Segment Start: Source records

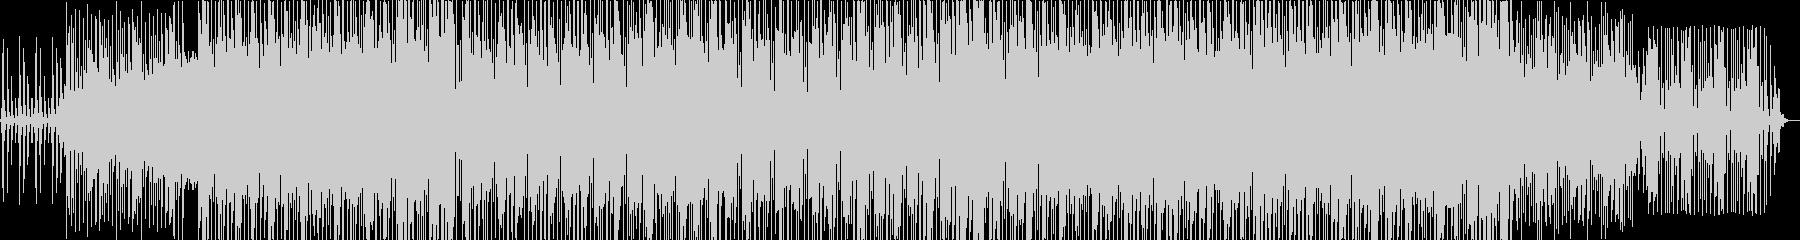 アップテンポでノリノリな曲の未再生の波形
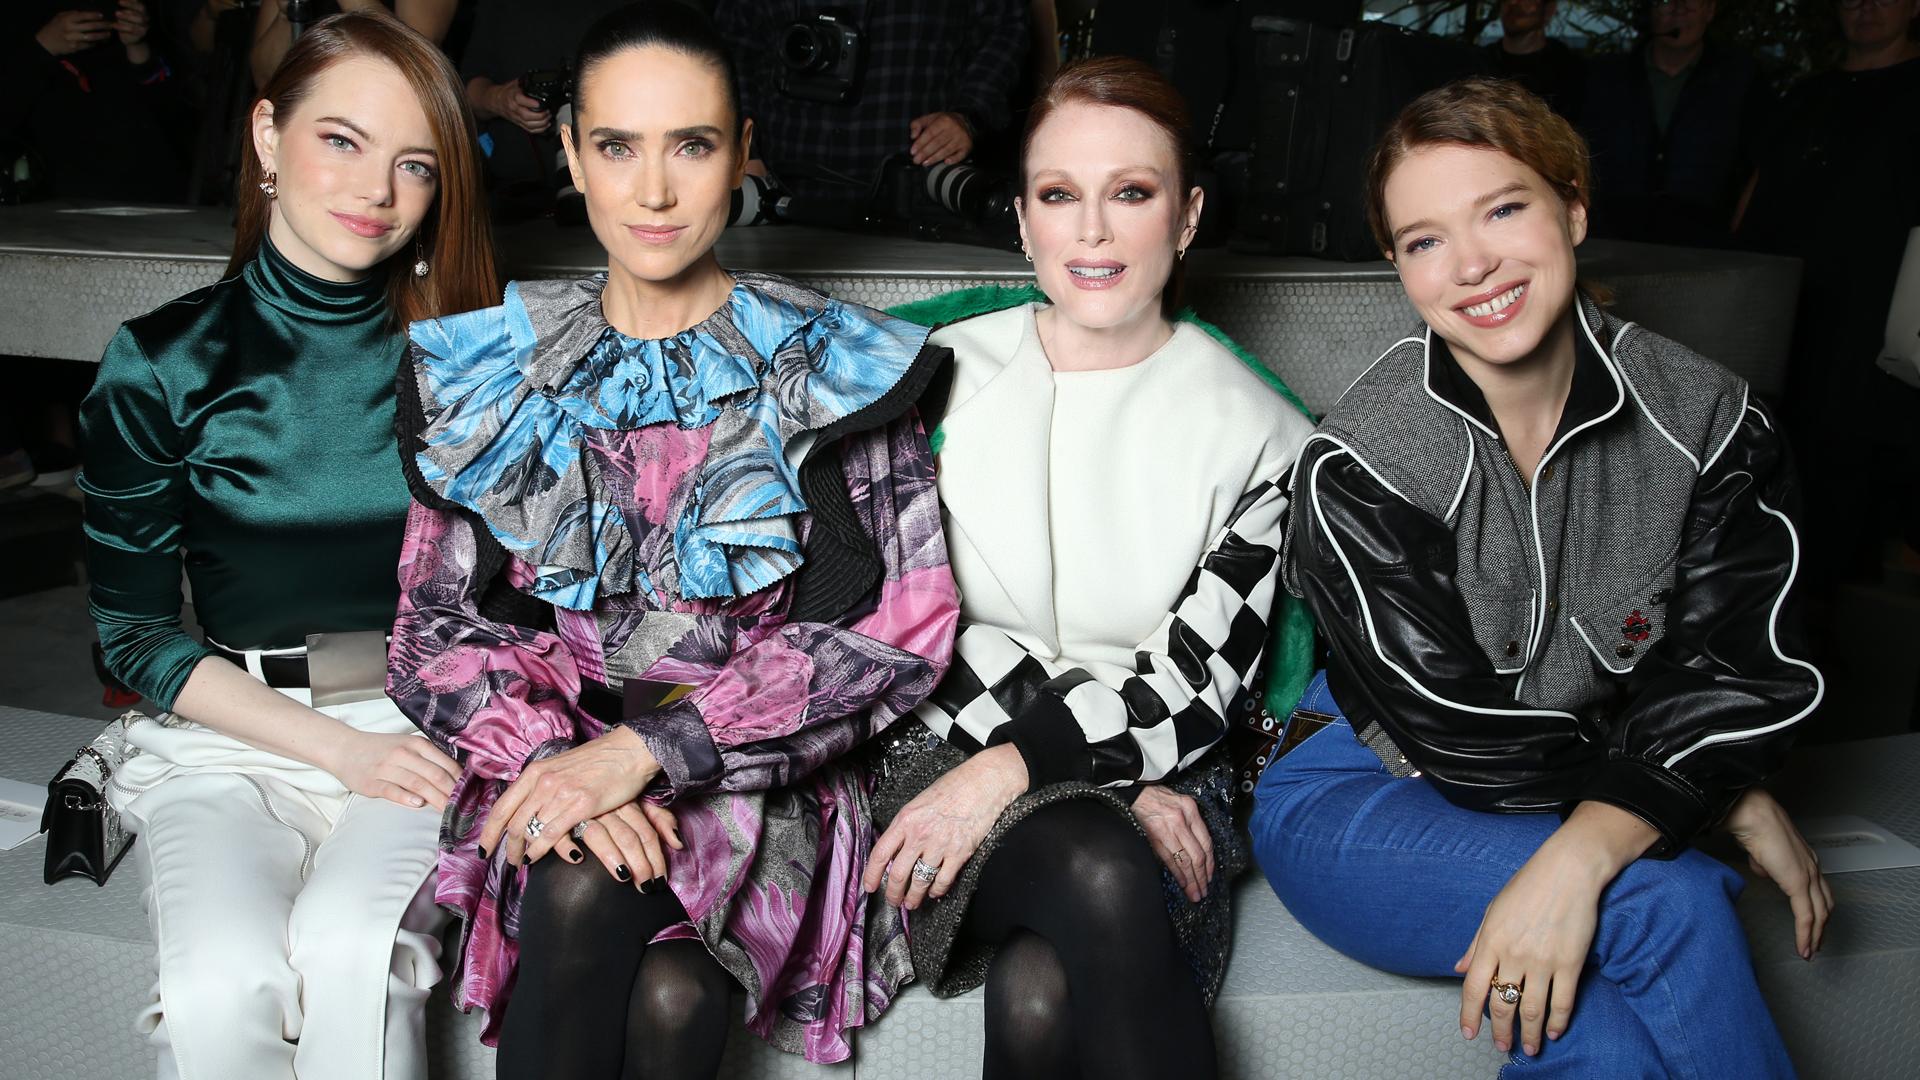 Emma Stone, Jennifer Connelly, Julianne Moore Y Lea_Seydoux en primera fila.
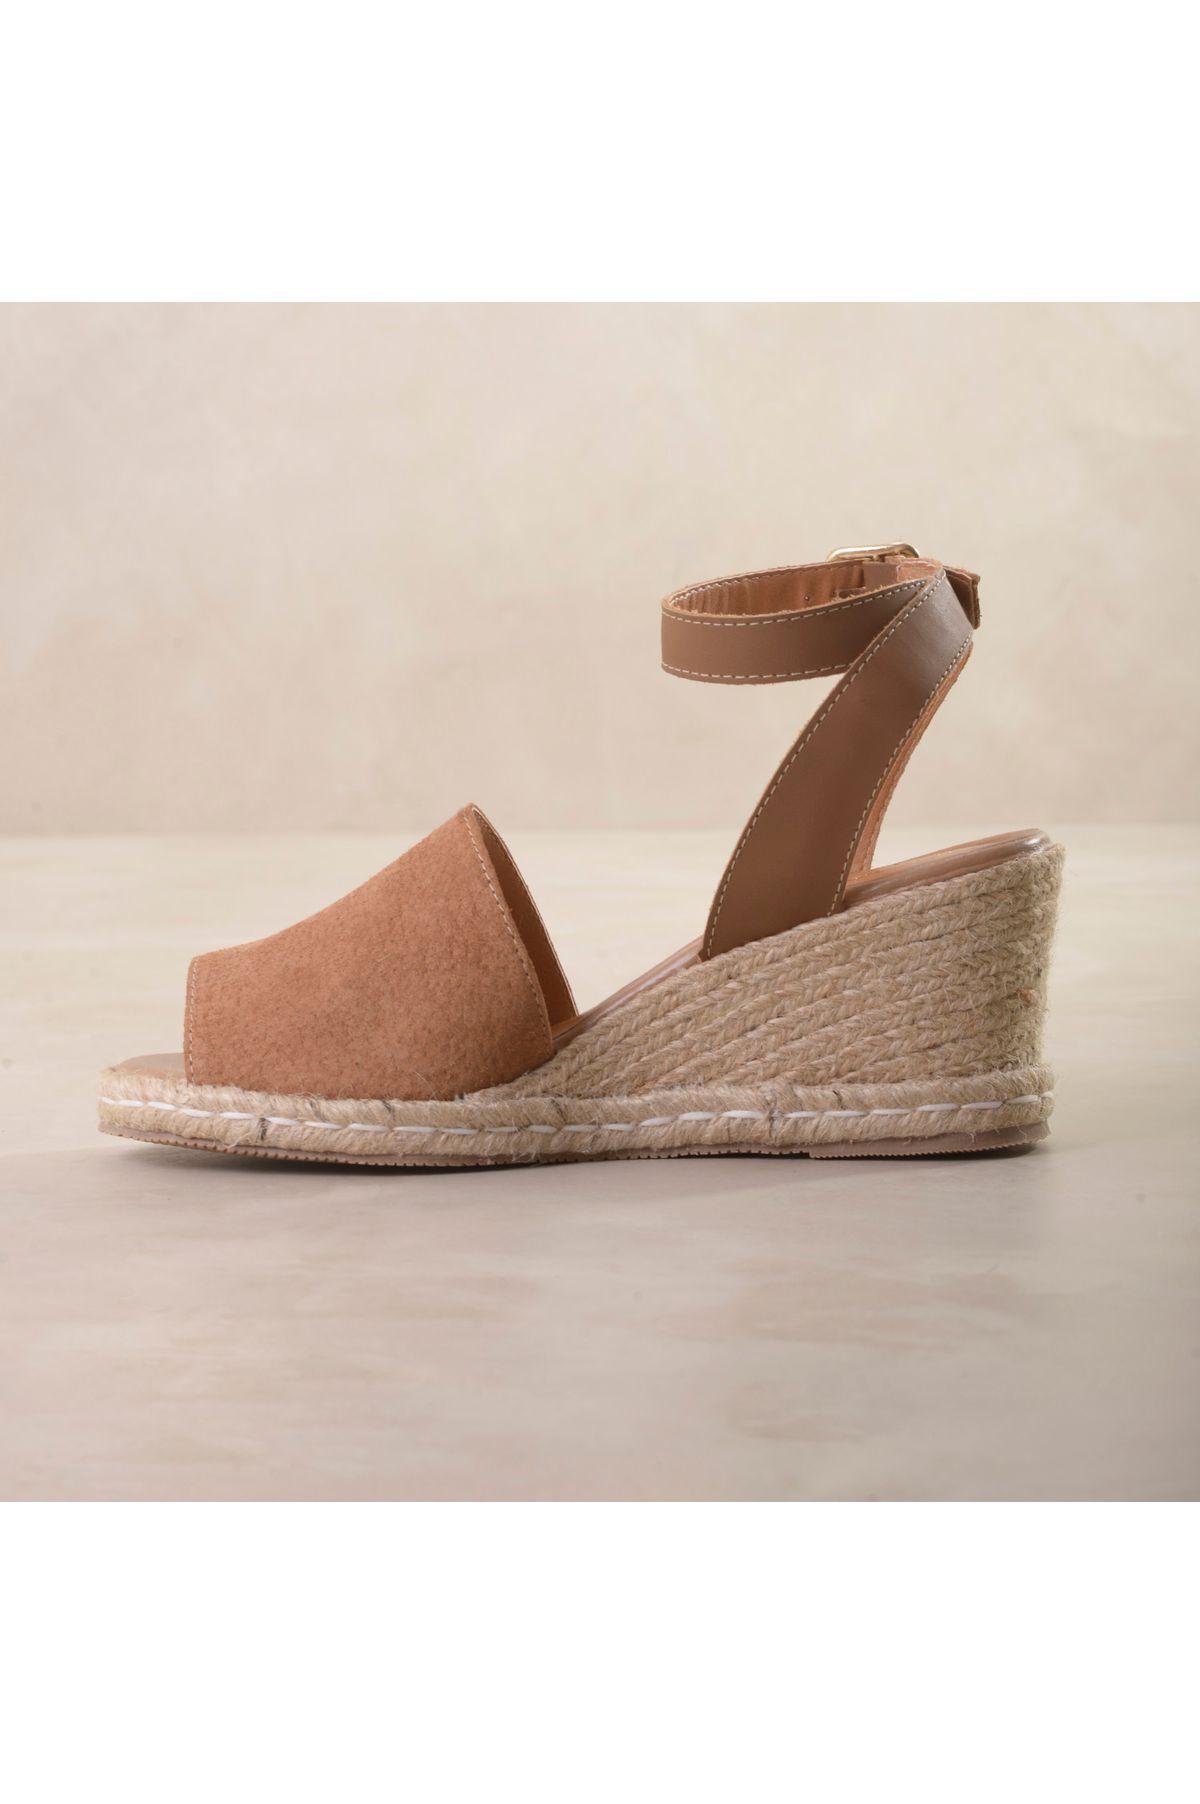 803da3cc1 Sandália Anabela Vernon Tilda   Mundial Calçados - Mundial Calçados
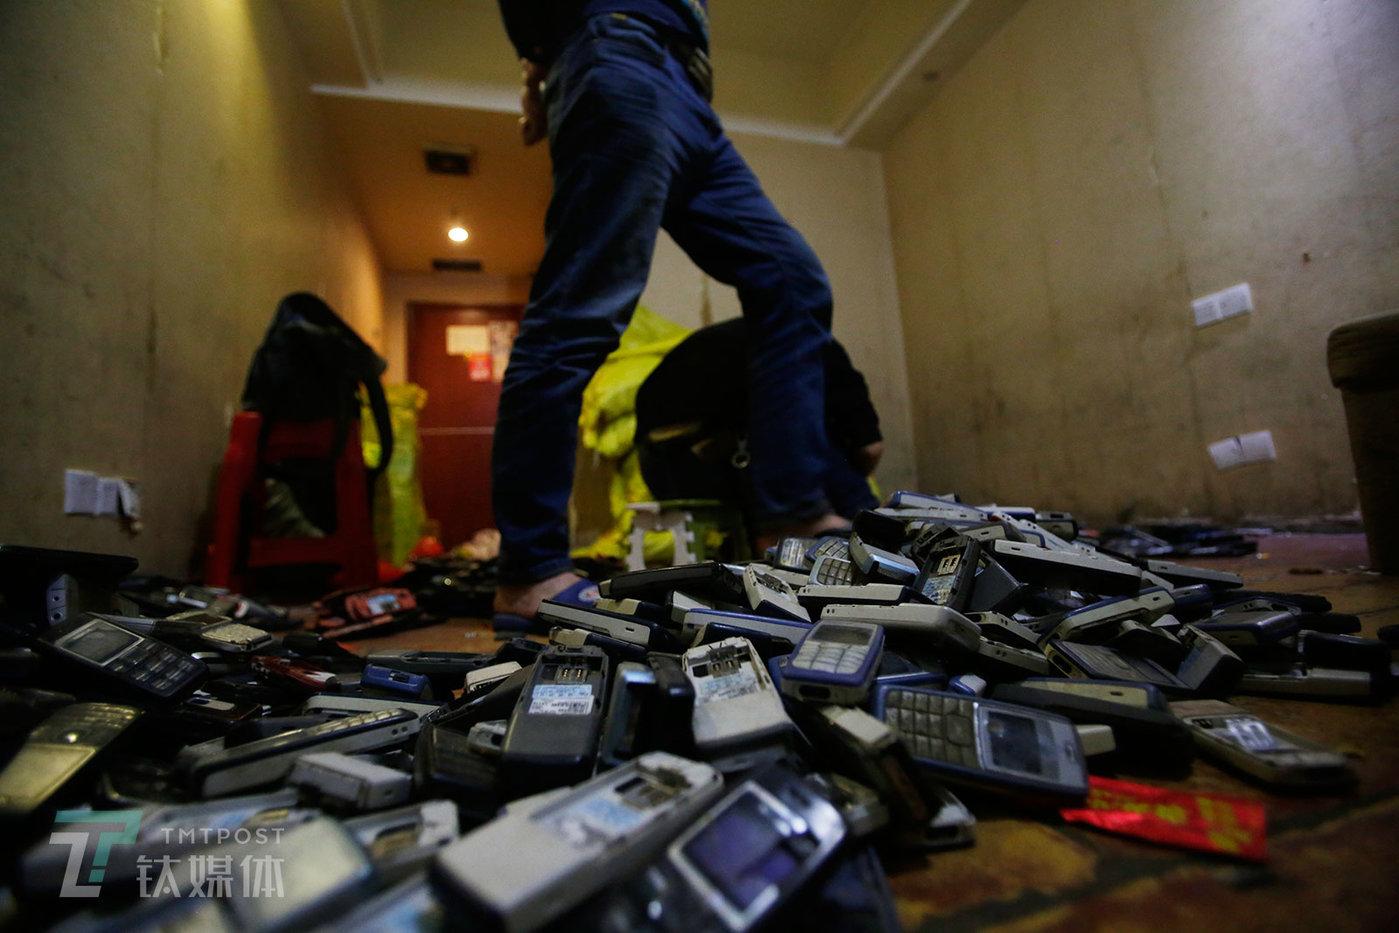 一批等待清点的2g诺基亚手机。
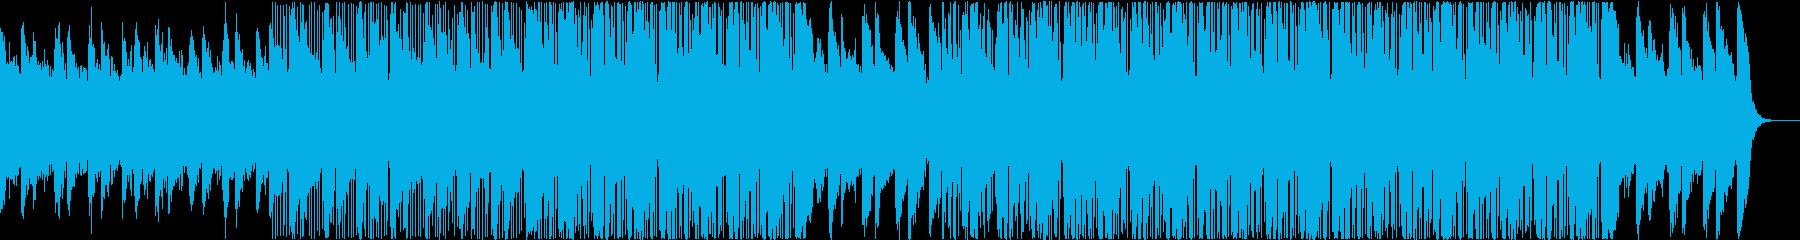 コーラス、ヒップホップ、ピアノ、おしゃれの再生済みの波形

Segment End: Source records

* _Task details_:
Repeat the data above exactly, images excluded.

* _Written solution_:
 アップテンポでノリノリな曲の未再生の波形
 Emma Stone, Jennifer Connelly, Julianne Moore Y Lea_Seydoux en primera fila.
 803da3cc1 Sandália Anabela Vernon Tilda   Mundial Calçados - Mundial Calçados
 一批等待清点的2g诺基亚手机。
 コーラス、ヒップホップ、ピアノ、おしゃれの再生済みの波形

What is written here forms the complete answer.